Atomic Terrace Low Angle Shadowing (ATLAS) is a surface science technique which enables the growth of planar nanowire or nanodot arrays using molecular beam epitaxy on a vicinal surface. ATLAS utilises the inherent step-and-terrace structure of the surface as a template for such nanostructures.[1][2] The technique involves the low angle incidence of flux material on vicinal substrates. Vicinal substrates are composed of atomic terraces separated by atomic steps. The ATLAS technique allows for the fabrication of well defined planar arrays of plasmonic nanostructures, of dimensions unachievable by lithography.
A collimated beam of atoms or molecules is evaporated at an oblique angle to the substrate. This causes the steps to "shadow" the beam, and the molecules to be adsorbed only on the exposed parts of the steps in direct line of sight of the evaporator.

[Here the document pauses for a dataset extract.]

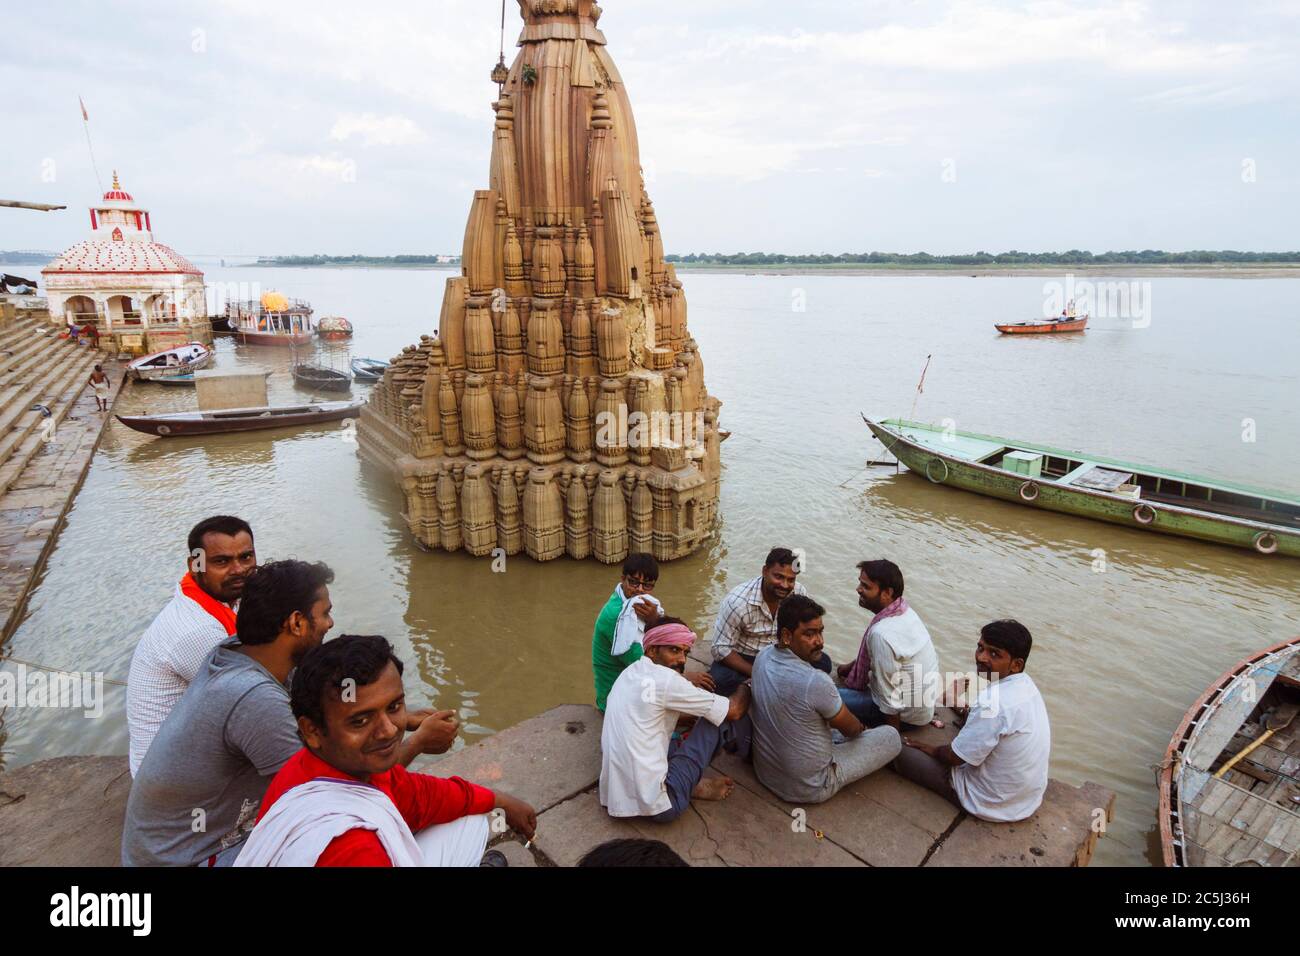 Varanasi, Uttar Pradesh, India : A group of men sit next to the partially sunken Ratneshwar Mahadev temple also known as the Leaning temple of Varanas Stock Photo

The principal attraction of the technique is its relative simplicity, as it does not involve multiple lithography steps and can be applied to metal, semiconductor or oxide surfaces alike.
The technique is a "bottom-up" approach and allows great control over the separation of nanostructures within the array, as well as their individual widths. The separation is controlled by the size of the atomic terraces of the substrate, which is determined by its miscut from the principal index; and the width of the nanostructures is controlled by the oblique angle of the deposition.
ATLAS has been shown to be a very versatile technique, with the growth of metallic, semi-conducting and magnetic nanowires and nanodots demonstrated using a variety of source materials and substrates.[3]